As this boosted my self confidence I had a vision: to initiate a video gaming club in the school.
People who knew me then realize that I was (and still am, to some part) painfully shy. But I fought for it, talking to teacher after teacher, going through various levels of school administration, and jumping through various hoops. Finally, during my Junior year, I had it. Fall Creek Gaming Club (FCGC). We started off with a few projectors with N64's & PS1s, but the real treat was 8 player Starcraft on the library computers. FCGC became very popular with a lot of people, and was my sweat and blood to keep me going through high school.
As part of me running this, several gamers of a different sort took interest. Namely,
faery_007 (Heather) and
xfuumax (Kristen). They were gamers of a different sort: not interested in computer games, but this new concept I had only briefly touched before.
Paper and Pencil RPG's.
Kristen was thinking about running a game during lunch period for several people. One of them was my best friend (at that time) of Simon, so naturally (me being a teenage male), I wanted to play in the game with the cute females and my best friend.
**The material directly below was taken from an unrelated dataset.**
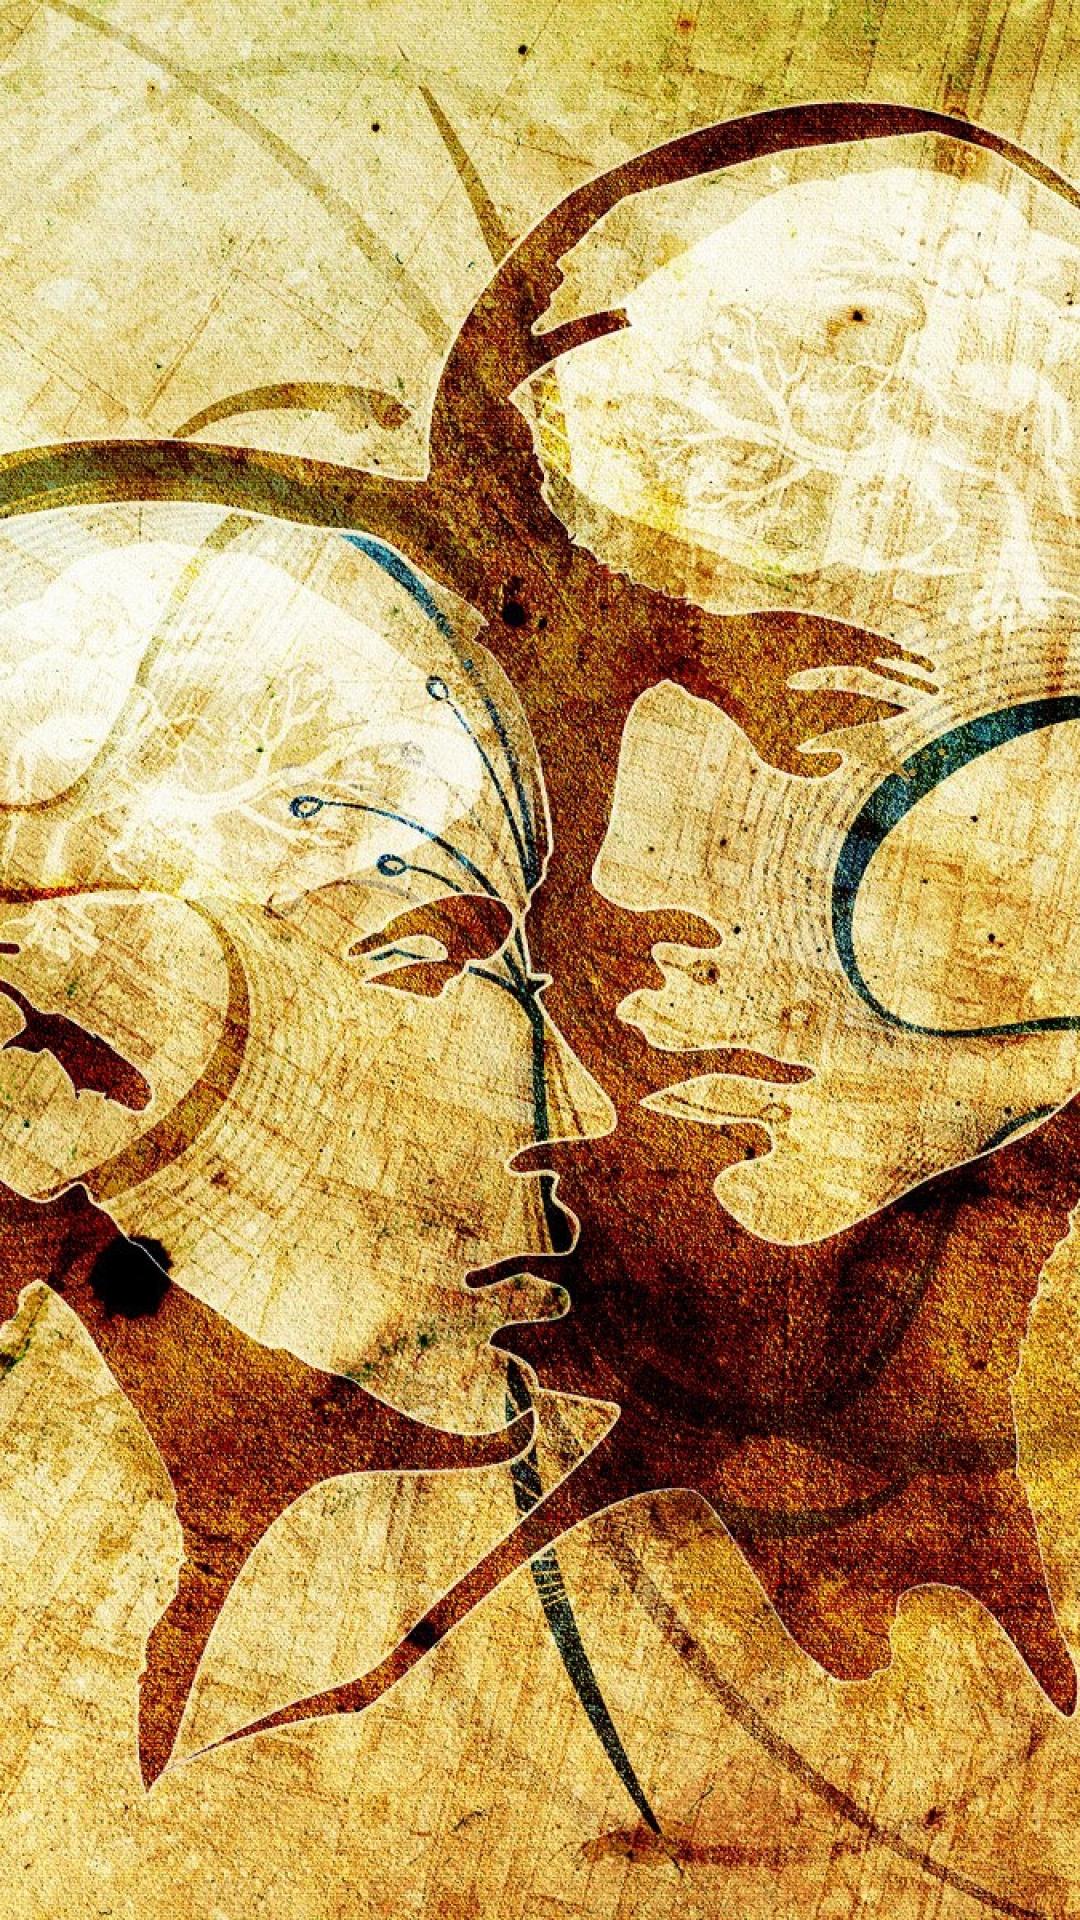 Desktop Wallpaper Hd 3d Full Screen Thanksgiving 1080 X 1920 Wallpapers Vertical Hd Pixelstalk Net

So started the Dark Ages Chronicle. My first character I ever played in an RPG was Kheva, a Knight. Much has been said about him, along with many stories. Sufficed to say, he was my greatest character ever.
What made the whole thing more special was the setup. You see, in order to play such a powerful character, I had to have a drawback.
Said drawback was that I was bound to Daema (Heather's Character) as her protector and guardian.
Oh, the Irony.
The game lasted the entire schoolyear, during which time I grew very close to Heather and Kristen. That summer I got to hang out with them many times and enjoyed a great many games.
And then something wonderful happened, surrounded by many terrible things: I got to date Heather. It was only for a short time, but I learned much of my romance and other talents during this period. We experienced many adventures: Mall of America, Carson Park, and doing our stress-relieving act of swinging.
There is a little playground with swings in the midst of a Soccer park in Eau Claire. We used to go there and swing and talk for hours. We swung during storms, we swung during the day and night.
And then life happened.
Unfortunately, after a lot of drama, I didn't get to see her for a while. I bounced around through a tumultuous time in my life for a while before I once again was brought back into gaming, this time in the guise of Live Action Role-Playing (LARP). There I enjoyed the company of Kristen, her then boyfriend (now husband) Matt, and (of course) Heather. I met some cool people there (Topher, Ed Pope) and had the time of my life.
...
My heart broke when Heather left Eau Claire.
She was gone for a long time. I spoke to her every once in a while, still holding on to my love for her. She came back to Eau Claire after
NoBrand Con and I fell in love again. I couldn't chase her at the time.
I tried though. She dated, I dated. Time passed.
...
All of the sudden, we were dating. I loved her as much as I could. We spent all the time we could together, talking and experiencing much in life. We cemented our feelings and desire to be together and everything seemed happy.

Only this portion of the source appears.